Rhizobia are a diverse group of bacteria that engage in symbioses with the roots of leguminous host plants. Once established as symbionts, these bacteria reduce dinitrogen to a form the plant can use for growth. Symbiotic bacteria contribute significantly to an ecologically-sound and cost-efficient nitrogen supply. Most rhizobia belong to families in the order of the Rhizobiales within the alpha-proteobacteria subdivision (alpha-rhizobia). Many rhizobia are capable of inducing the formation of nodules on the roots of their leguminous host plants. These specialized plant organs are invaded by the bacteria which fix nitrogen in an endosymbiotic bacteroid state within the plant cell. This process involves specific recognition and coordinated differentiation of both bacterial and host cells.

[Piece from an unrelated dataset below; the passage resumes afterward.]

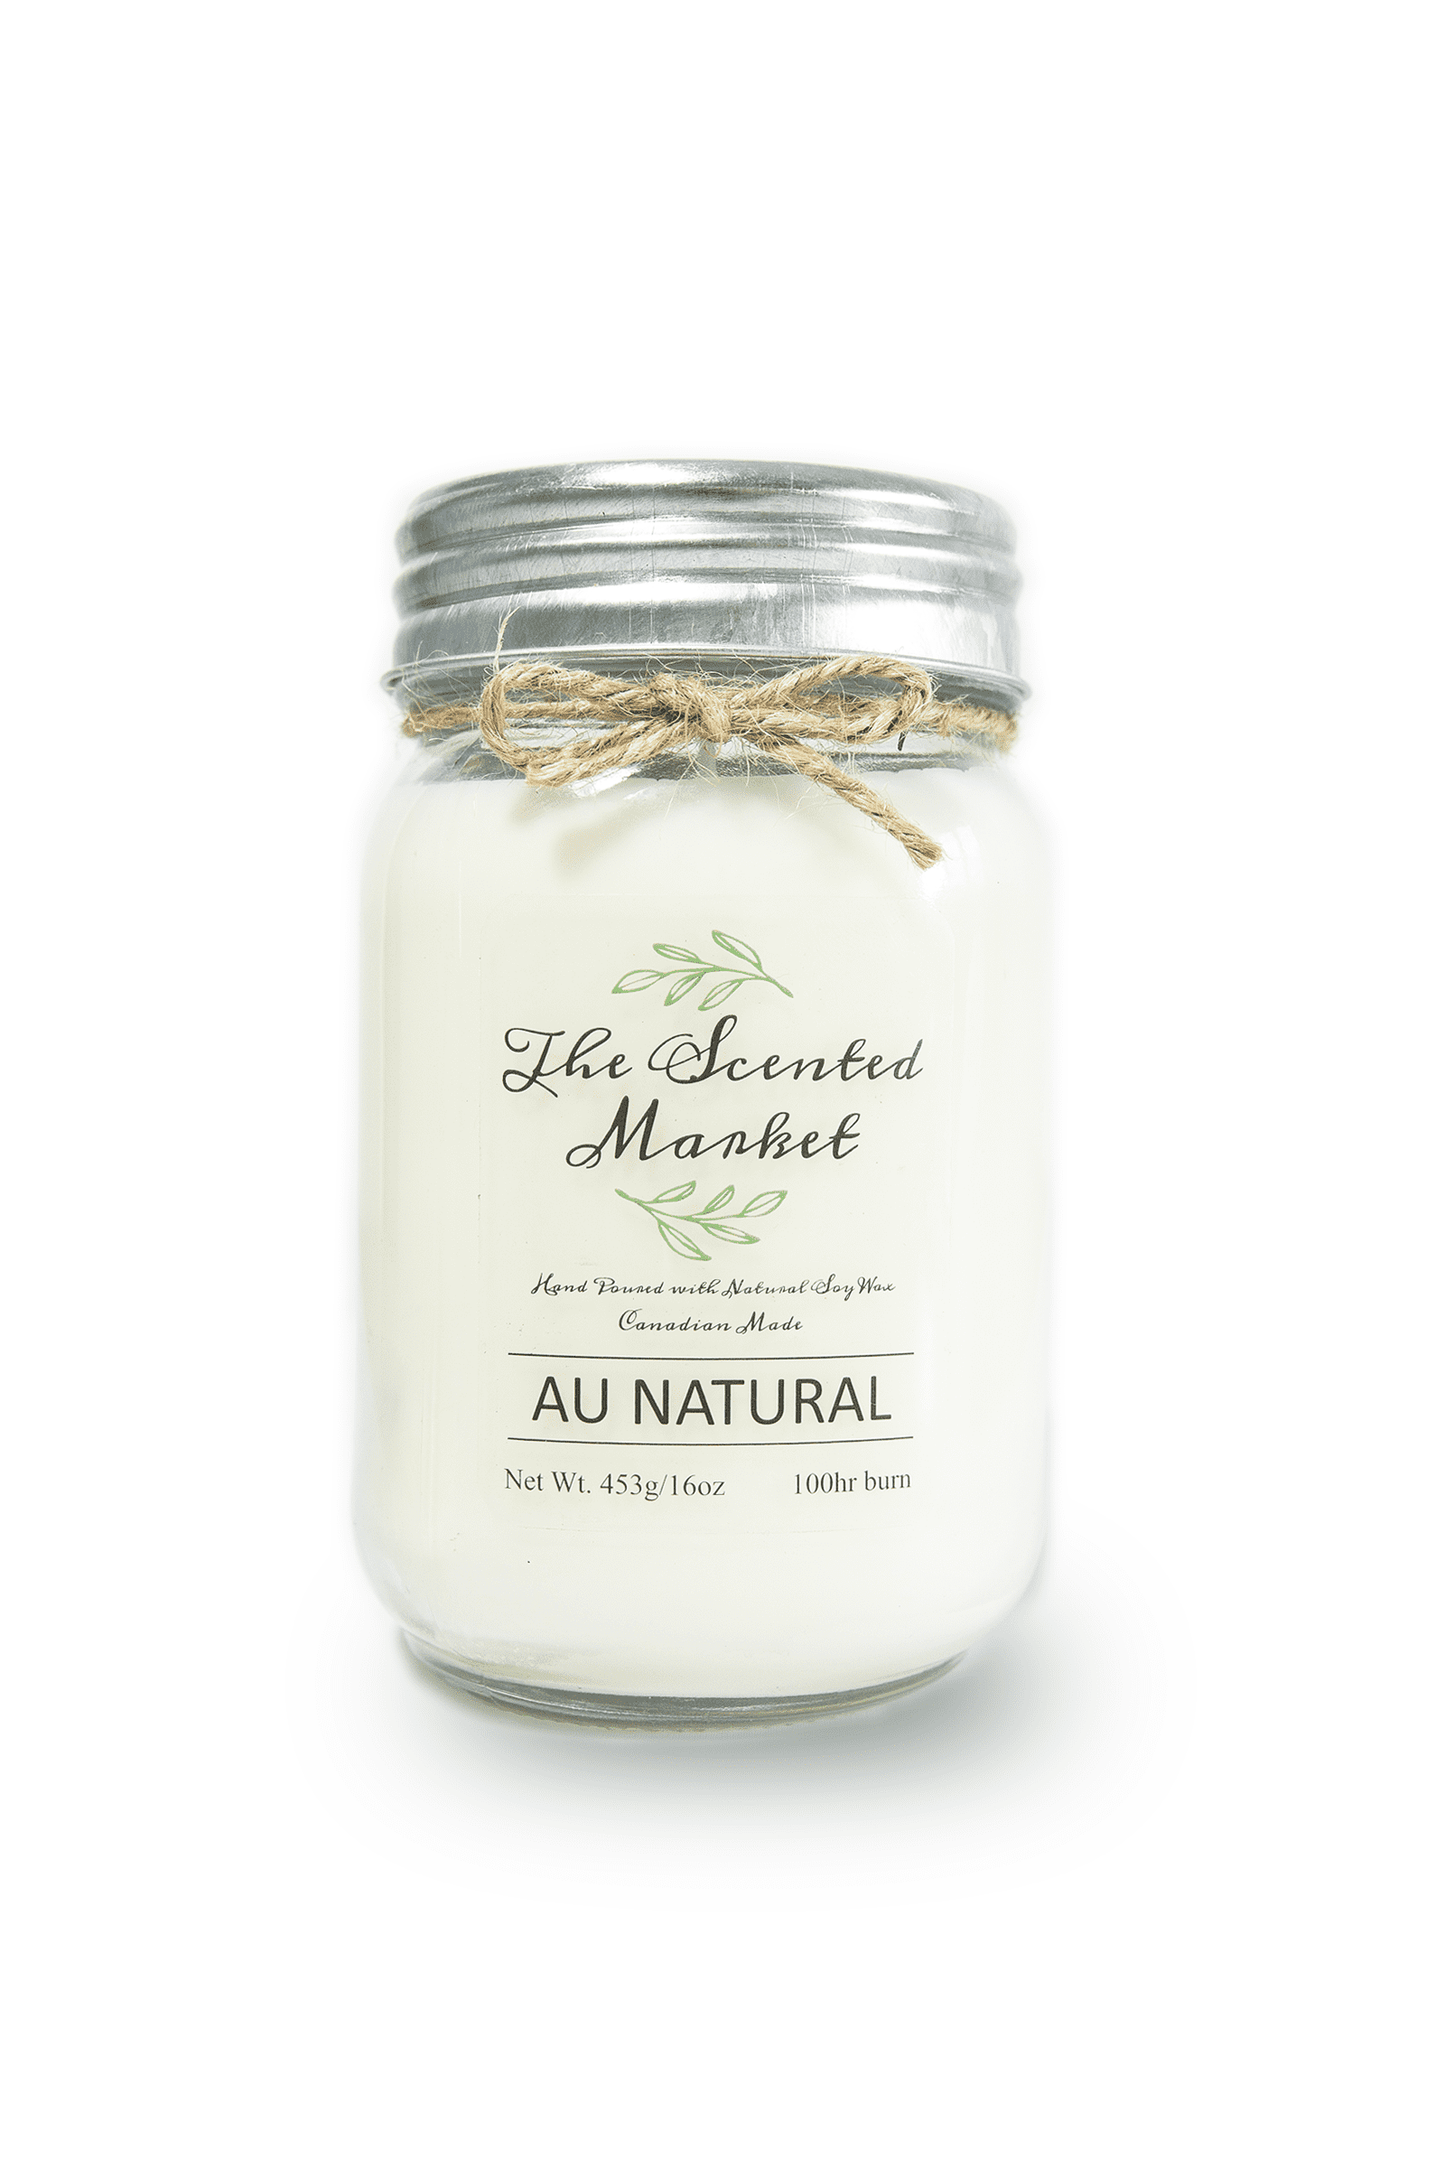 Au Natural is our scent free soy 16 oz candle

Xanthomonas species which have adopted a plant-associated and usually plant pathogenic lifestyle group to the gamma-proteobacteria. Xanthomonads are pathogens of diverse groups of cultivated plants. We study Xanthomonas campestris as pathogen of cruciferous plants. Based on their specific host ranges, strains of Xanthomonas campestris were differentiated into over 140 pathovars.
Xanthomonas species are able to produce the acidic exopolysaccharide xanthan gum. Because of its physical properties it is widely used as a viscosifier, thickener, emulsifier or stabilizer in both food and non-food industries.